• **WHAT YOU ARE ASKED TO DO**: Type out the listing below exactly. Pictures stay out of it.

• **STORED DATA**:
╔══
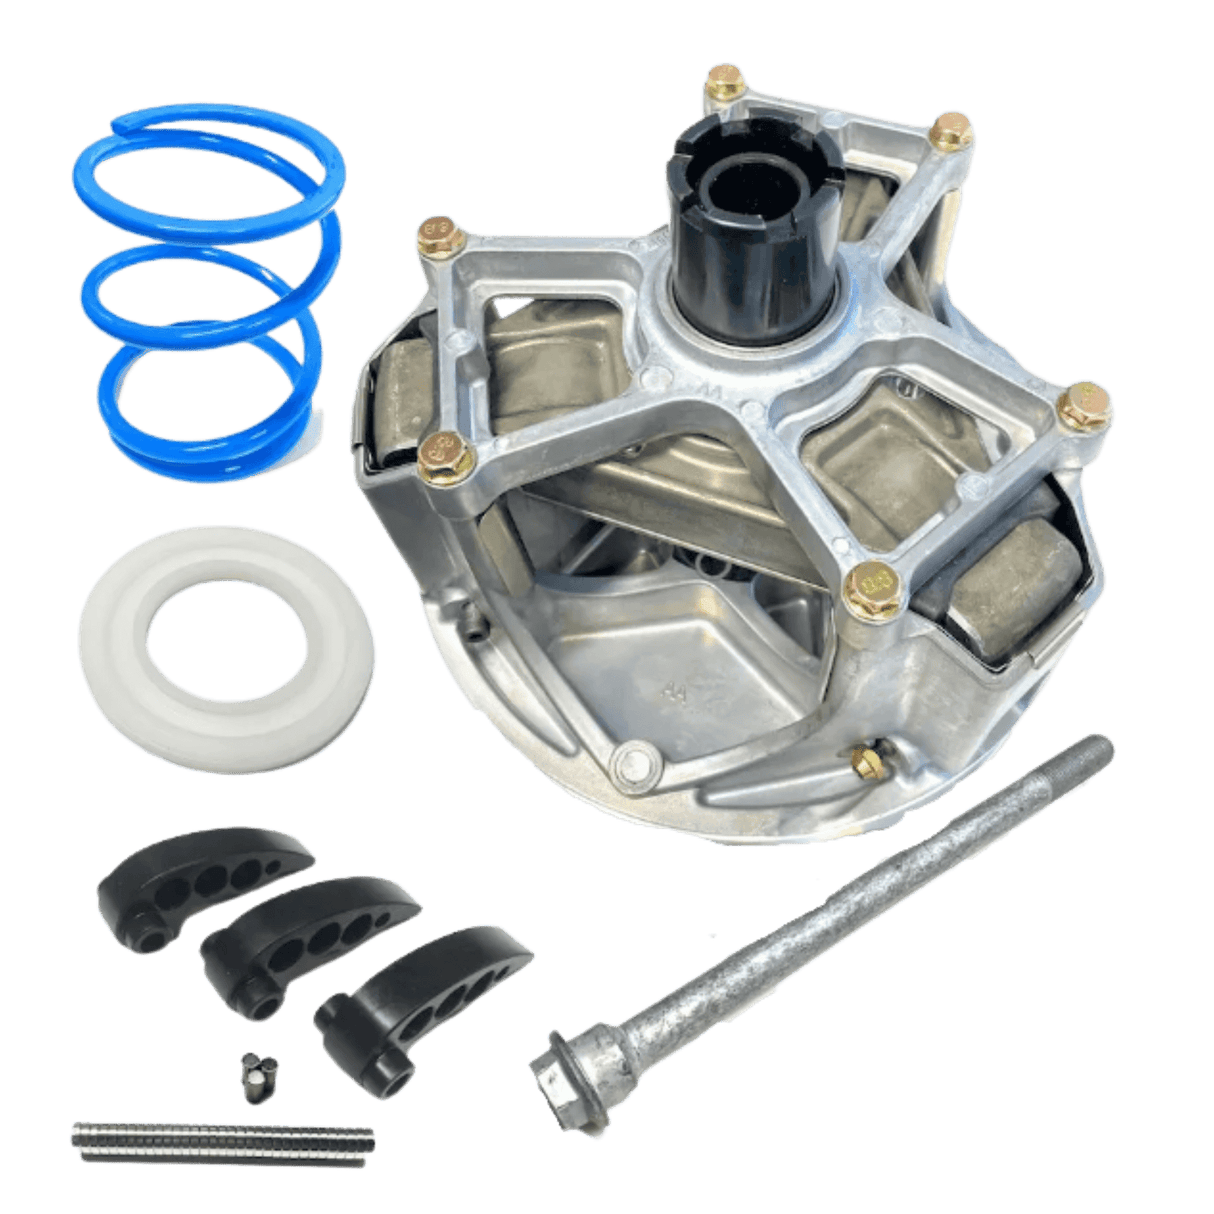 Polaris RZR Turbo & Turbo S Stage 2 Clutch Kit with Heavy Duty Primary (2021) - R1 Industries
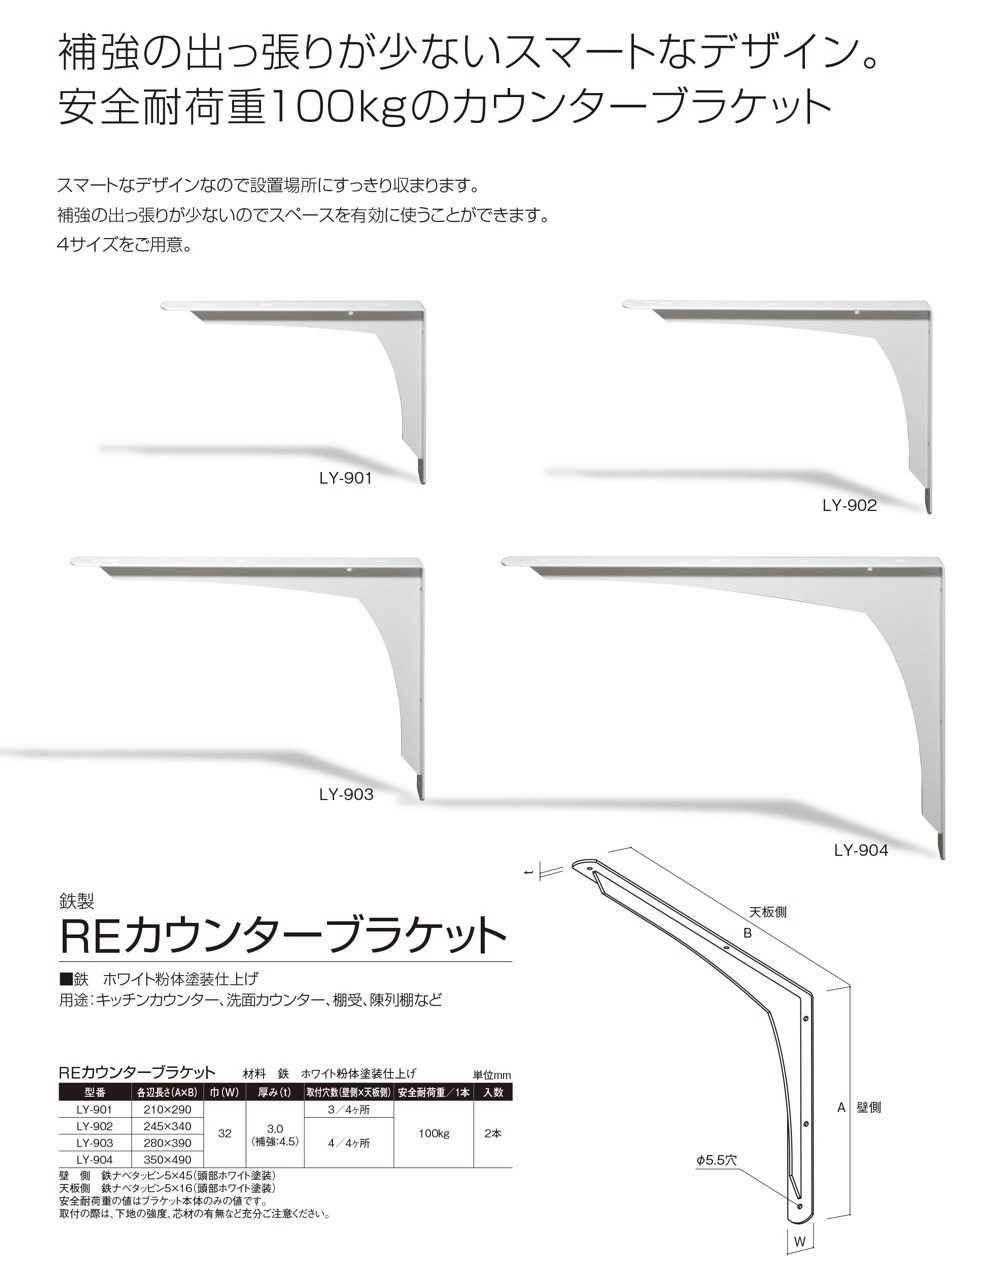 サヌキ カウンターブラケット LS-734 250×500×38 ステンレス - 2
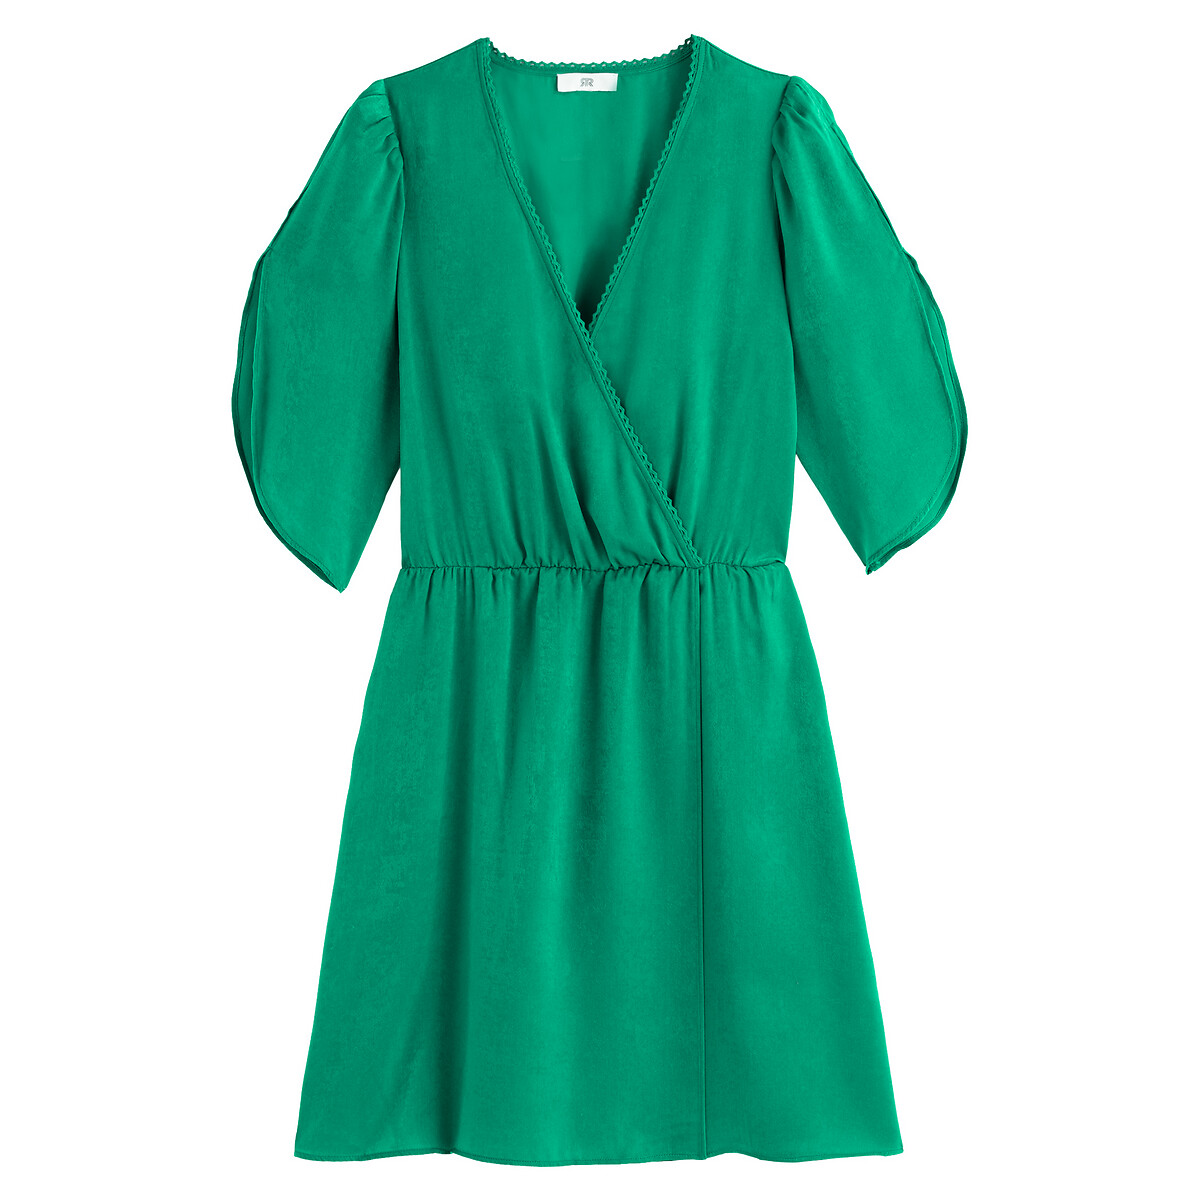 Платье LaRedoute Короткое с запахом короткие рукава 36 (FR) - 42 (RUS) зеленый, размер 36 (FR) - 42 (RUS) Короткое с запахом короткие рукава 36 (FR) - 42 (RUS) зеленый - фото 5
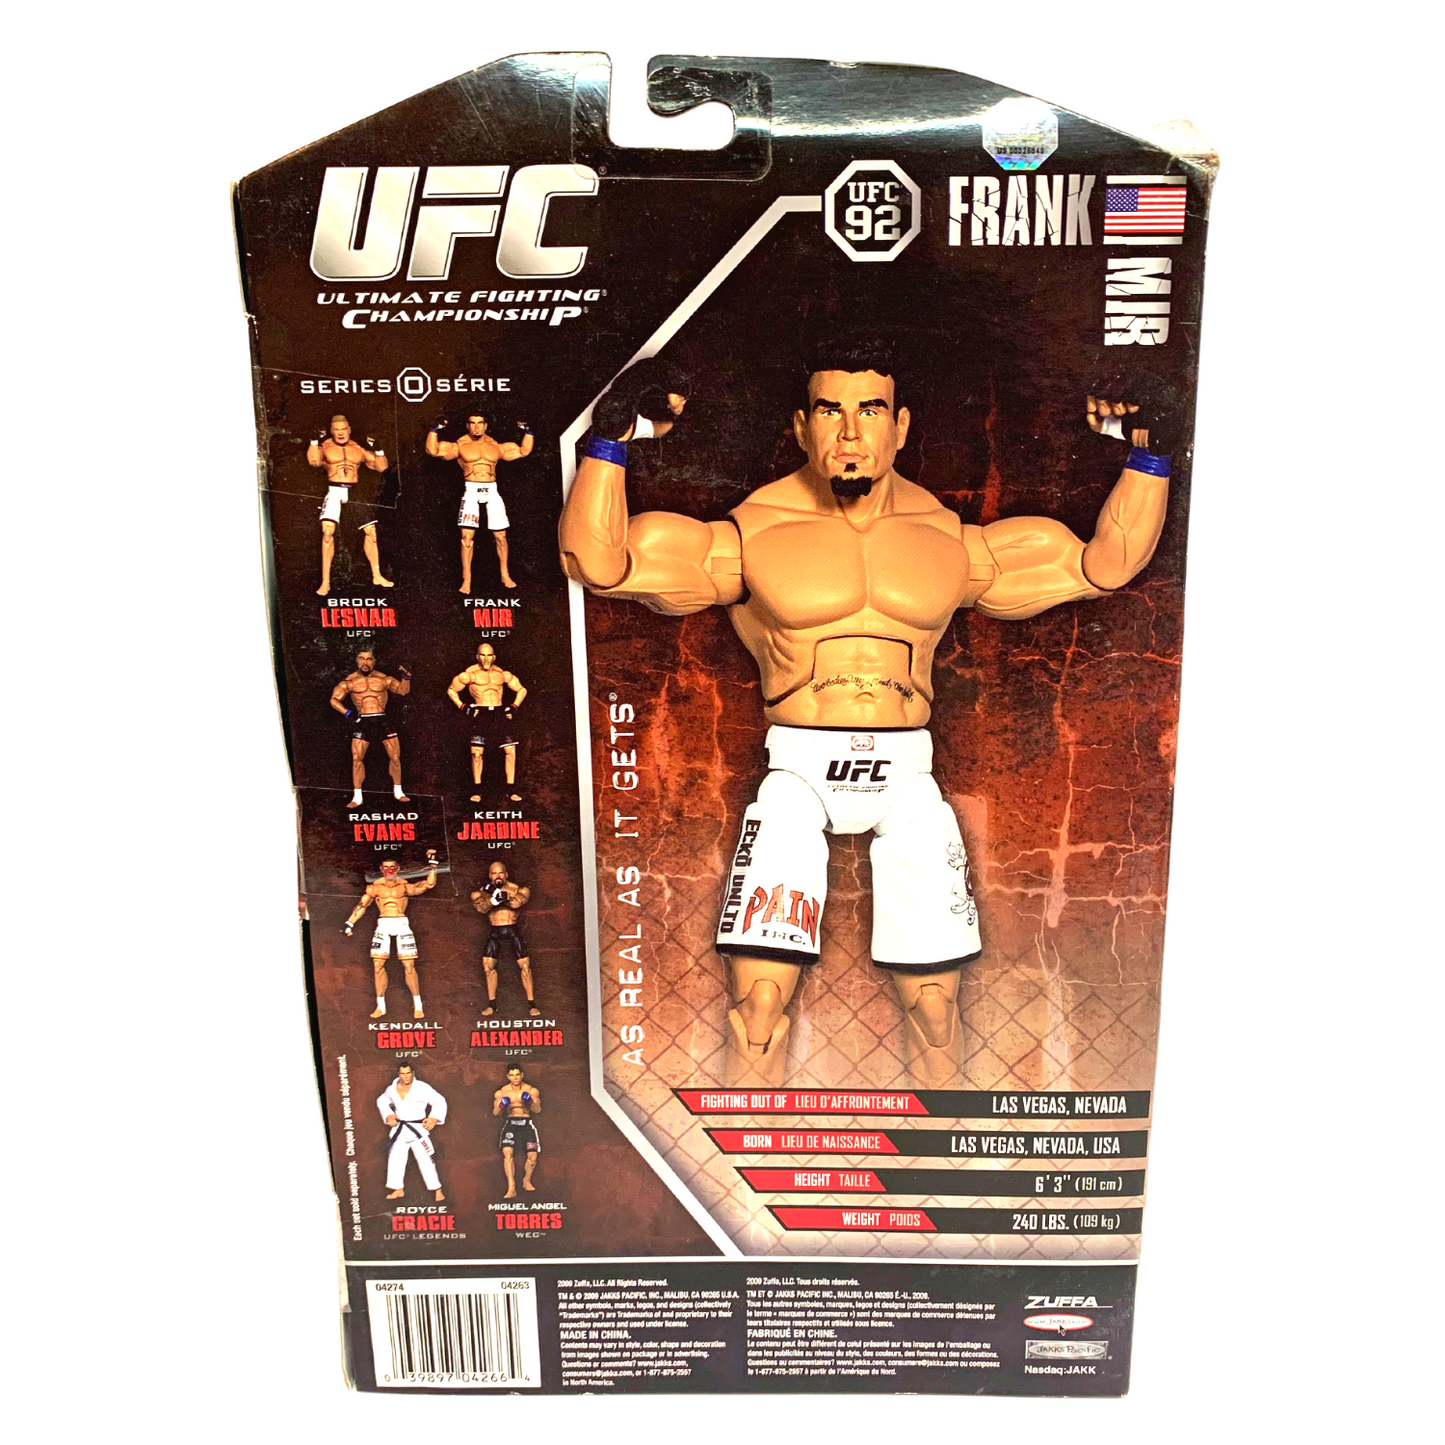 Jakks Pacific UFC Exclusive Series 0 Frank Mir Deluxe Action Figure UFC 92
╚══
• **WRITTEN RESPONSE**:
 Polaris RZR Turbo & Turbo S Stage 2 Clutch Kit with Heavy Duty Primary (2021) - R1 Industries
 サヌキ カウンターブラケット LS-734 250×500×38 ステンレス - 2
 Платье LaRedoute Короткое с запахом короткие рукава 36 (FR) - 42 (RUS) зеленый, размер 36 (FR) - 42 (RUS) Короткое с запахом короткие рукава 36 (FR) - 42 (RUS) зеленый - фото 5
 Jakks Pacific UFC Exclusive Series 0 Frank Mir Deluxe Action Figure UFC 92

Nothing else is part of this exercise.